Significance of non Acheulian assemblages of Narmada – Durkhadi, Samnapur and Mahadeo Piparia

Indian Stone Age Sequence question 7:

Significance of non Acheulian assemblages of Narmada – Durkhadi, Samnapur and Mahadeo Piparia

Not Middle Palaeolithic — S.B. Ota

Not Acheulian – S.G. Deo

Not Oldowan — Sheila Mishra

I have made an argument in these posts that the only Lower Palaeolithic entity in the Indian Sub-continent is Large Flake Acheulian (LFA).  I have argued that the Soanian is not Lower Palaeolithic in age, nor does it have the characteristic complete chaine operatoires found in Early Lower Palaeolithic assemblages like Oldowan, European Mode 1 and Nihewan Basin.  Soanian is not part of a Lower Palaeolithic “chopper chopping” tool industry contemporary with the Acheulian but rather part of Late Pleistocene and Holocene core and flake assemblages found throughout SE Asia (and Southern China?) and are contemporary to the microlithic blade assemblages of the Indian sub-continent.  Although this is a radically different interpretation of the Soanian, it is one which fits the data as it has emerged since the 1980’s and is also one independently arrived at by workers in the Soanian region, although they may not have stated it in the same words as I have.
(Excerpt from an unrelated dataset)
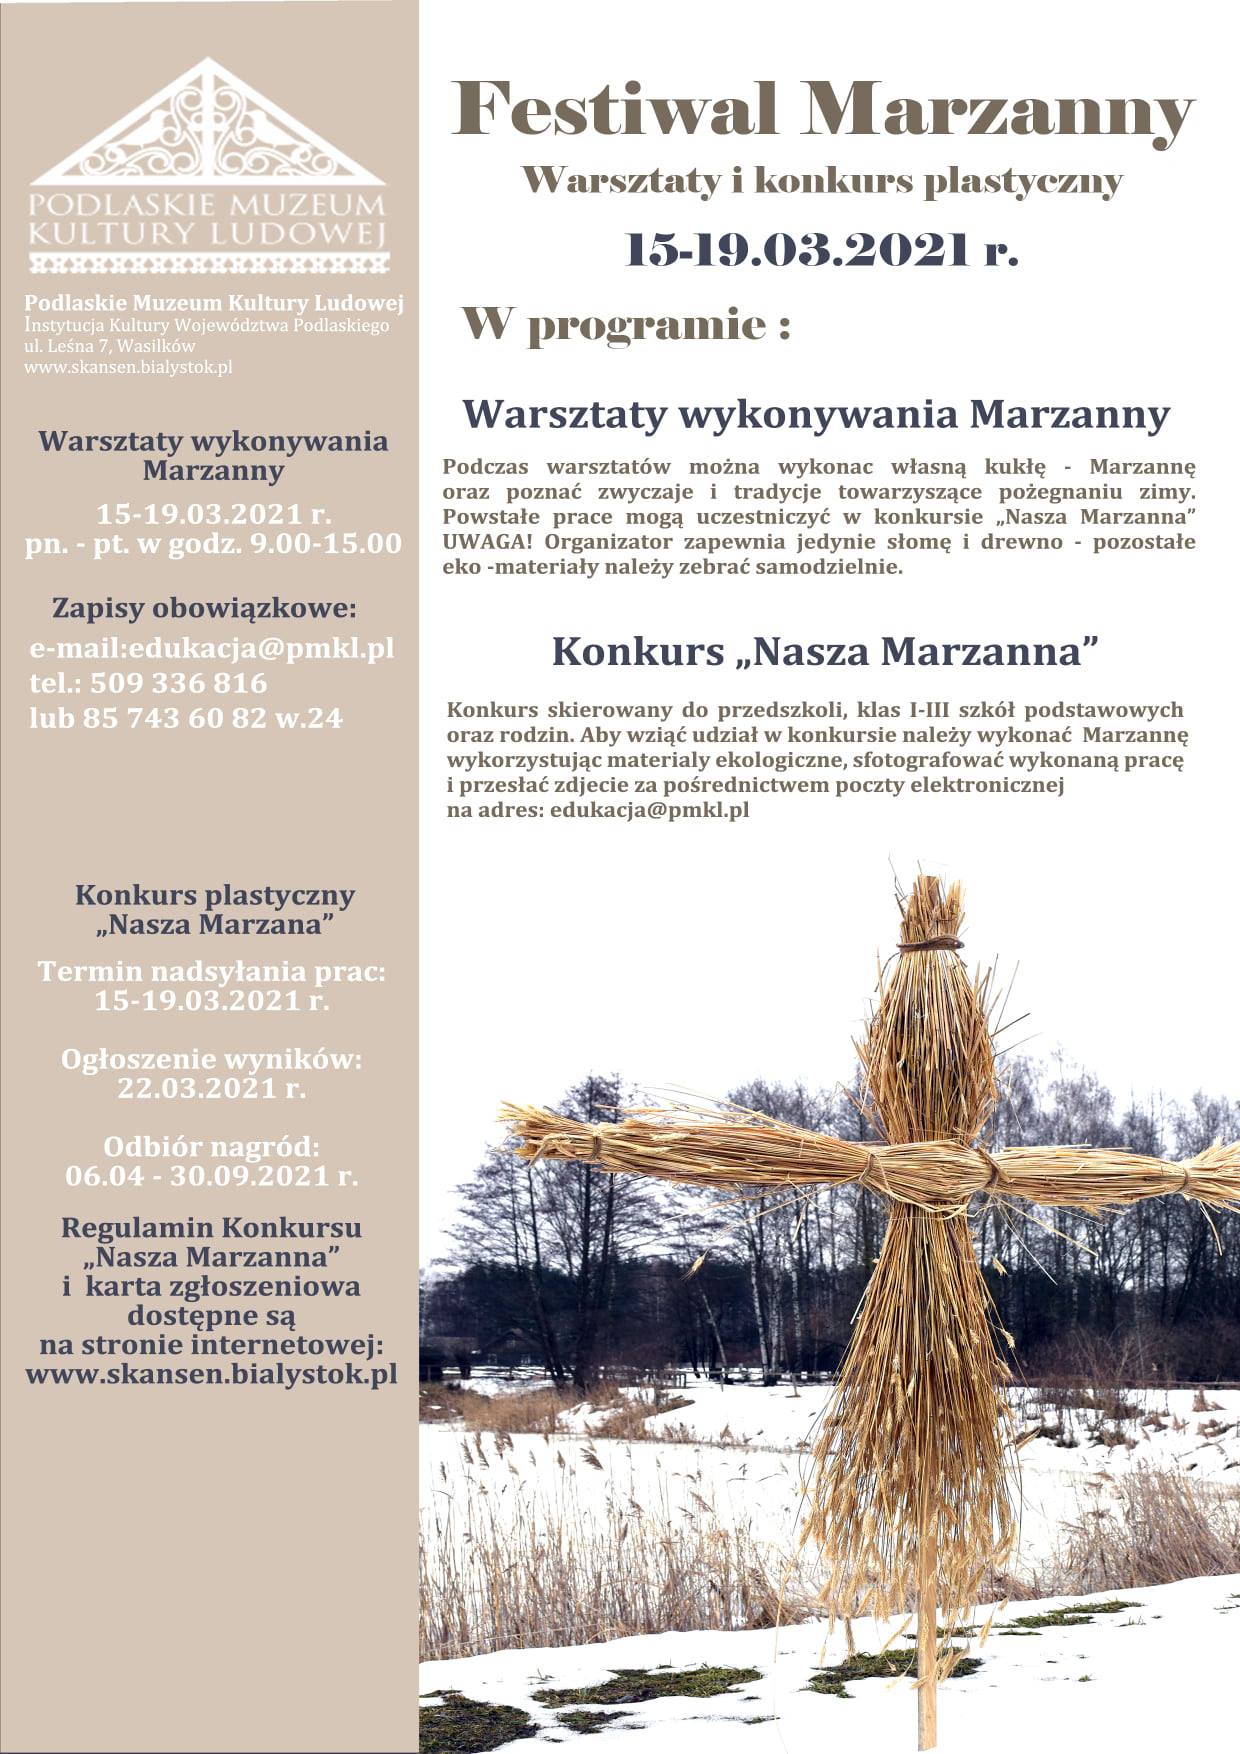 Plakat informujący o warsztatach i konkursie dotyczącym Festiwalu Marzanny

After the Soanian, the other candidate non-Acheulian Lower Palaeolithic for the Indian Subcontinent is the Pabbi Hills and Riwat.  I argued that the Riwat core R001 is actually much more like LFA than anything else and that while Acheulian is absent from Pabbi Hills, quite high numbers of Acheulian findspots have been reported from probably contemporary locations elsewhere in the sub-Himalayan zone.
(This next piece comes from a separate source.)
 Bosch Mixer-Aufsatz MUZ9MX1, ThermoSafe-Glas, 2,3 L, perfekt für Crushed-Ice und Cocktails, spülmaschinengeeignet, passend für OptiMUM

The third candidate for a non-Acheulian Lower Palaeolithic entity in the Indian sub-continent are a series of sites in the Narmada valley – Mahadeo Piparia, Samnapur and Durkhadi –the subject of this post.

All three of these sites have been excavated.  All the three assemblages are characterized  by the absence of handaxes or cleavers,  absence of small sized scrapers and prepared cores.  The large size of the tools also distinguishes them from other early lithic industries.  The assemblages therefore lack the defining characters of Oldowan, Acheulian or Middle Palaeolithic….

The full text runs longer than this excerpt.